Christ and Pop Culture, Music and Culture, Rock

“All clichés are true. The years really do speed by. Life really is as short as they tell you it is. And there really is a God–so do I buy that one? If all the other clichés are true…” David Bowie

Last week, Jimi Hendrix reigned in the number two spot on the Billboard 200 and this week that position is filled by David Bowie’s new album The Next Day. It is only fitting that one of Bowie’s songs on the new album (“The Stars (Are Out Tonight)”) contains the line,”Stars are never sleeping/ Dead ones and the living,” in light of this surprising takeover of the charts by two classic rockers, one dead and one living. Unlike Hendrix who saw his music as religion, Bowie has explored a pantheon of religious beliefs as he noted in a 2004 Ellen interview: “I was young, fancy free and Tibetan Buddhism appealed to me at that time.
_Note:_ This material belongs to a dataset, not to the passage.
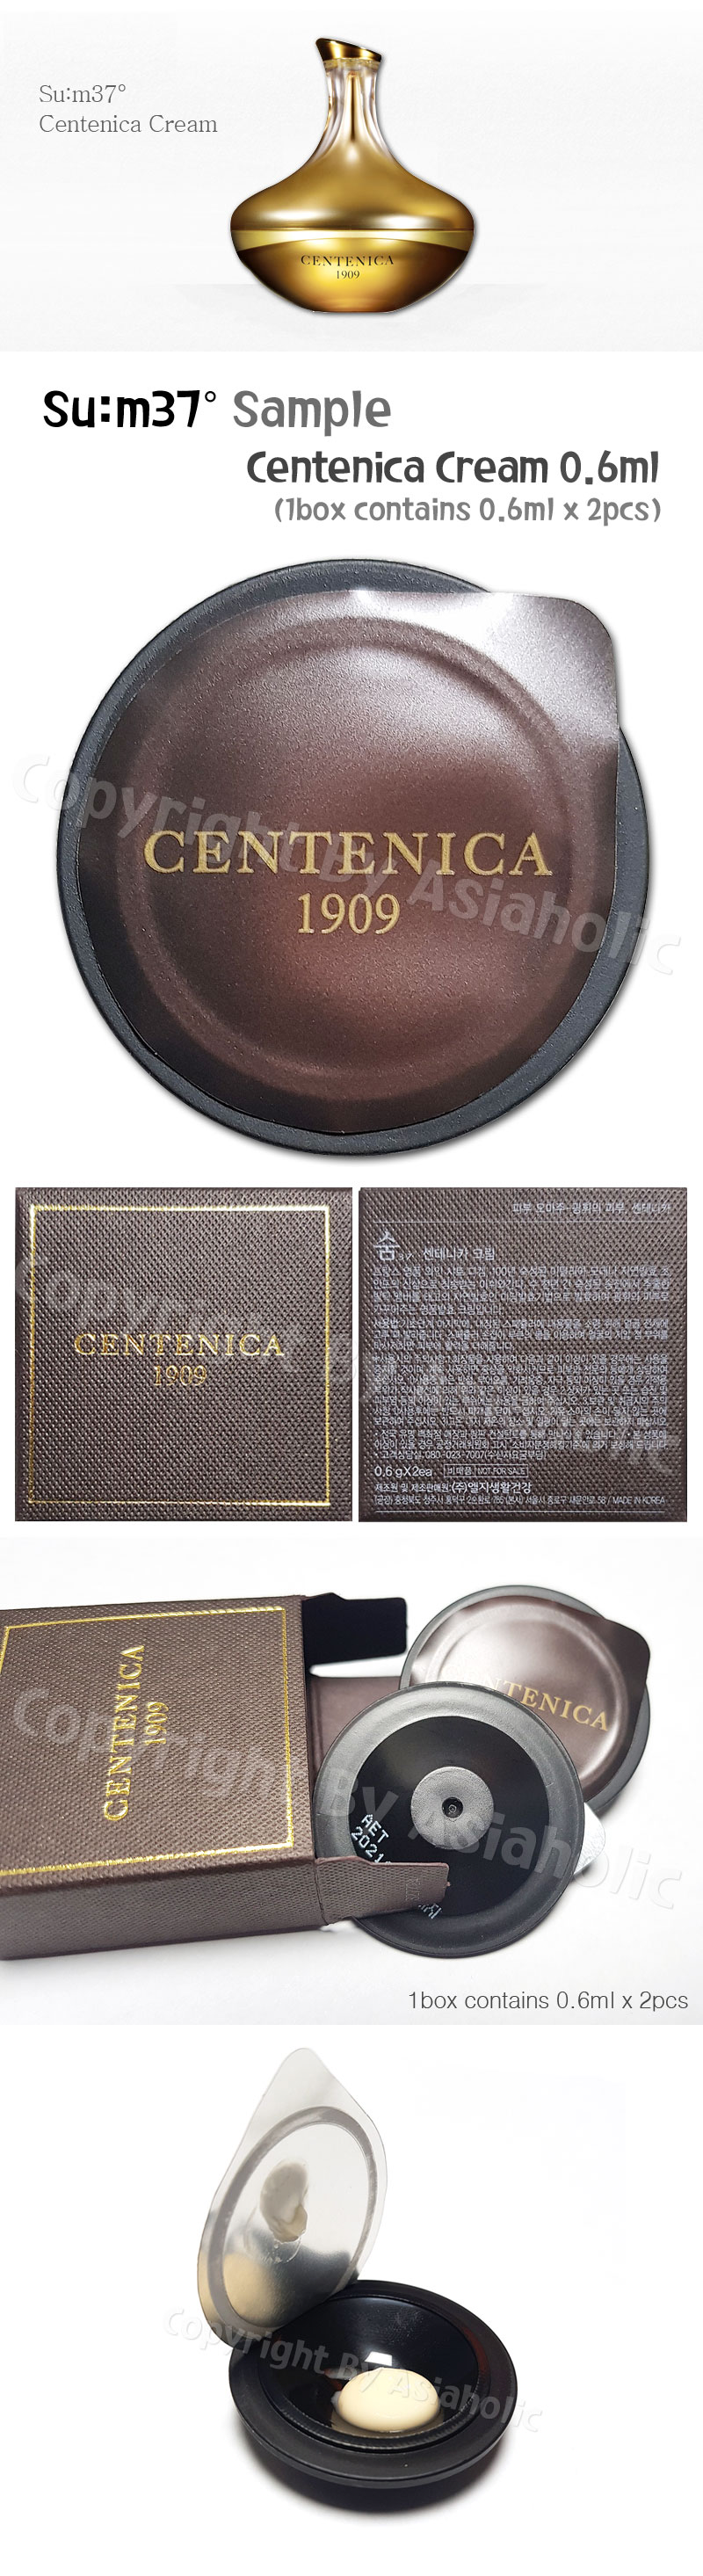 SU:M37 Centenica Cream 0.6ml x 14pcs (7Box) Premium Sample Sum37 Newest Version
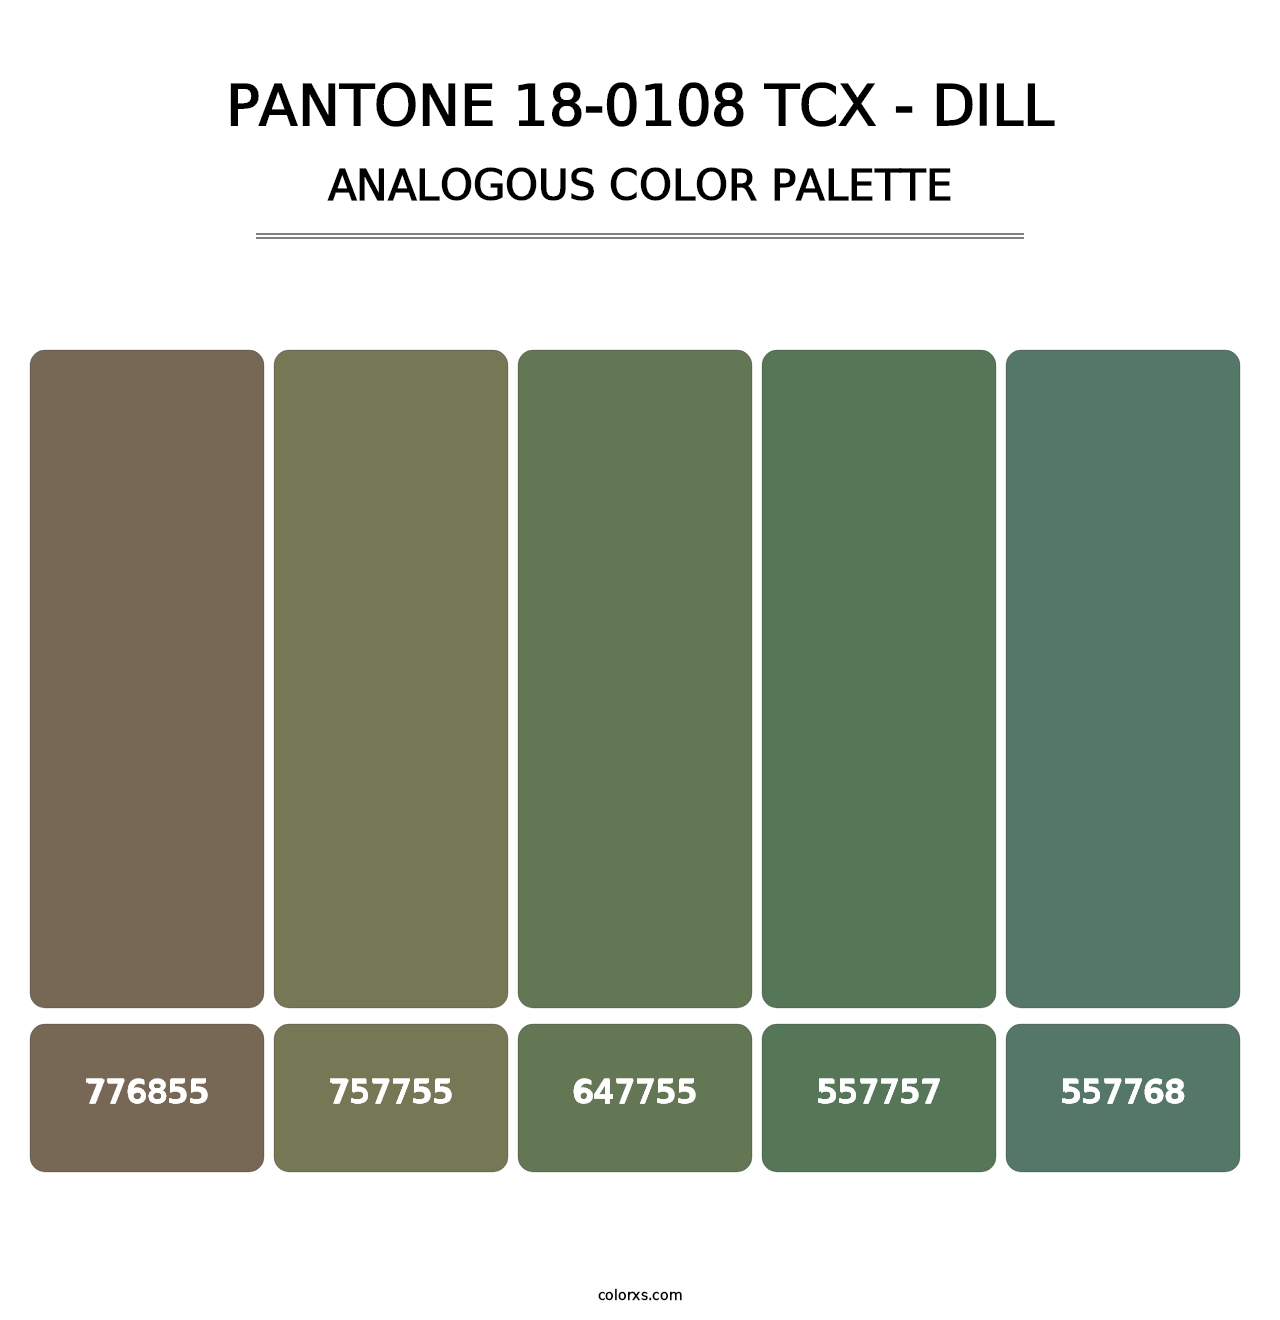 PANTONE 18-0108 TCX - Dill - Analogous Color Palette

I thought, ‘There’s salvation.’ It didn’t really work. Then I went through Nietzsche, Satanism, Christianity… pottery, and ended up singing. It’s been a long road.”

In his darkest cocaine fueled days he turned towards Christianity and wrote “Station to Station” as his contemplation of the stations of the cross. In a February 1997 Q Magazineinterview Bowie stated, “The ‘Station to Station’ track itself is very much concerned with the stations of the cross… I’ve never read a review that really sussed it. It’s an extremely dark album. Miserable time to live through, I must say.”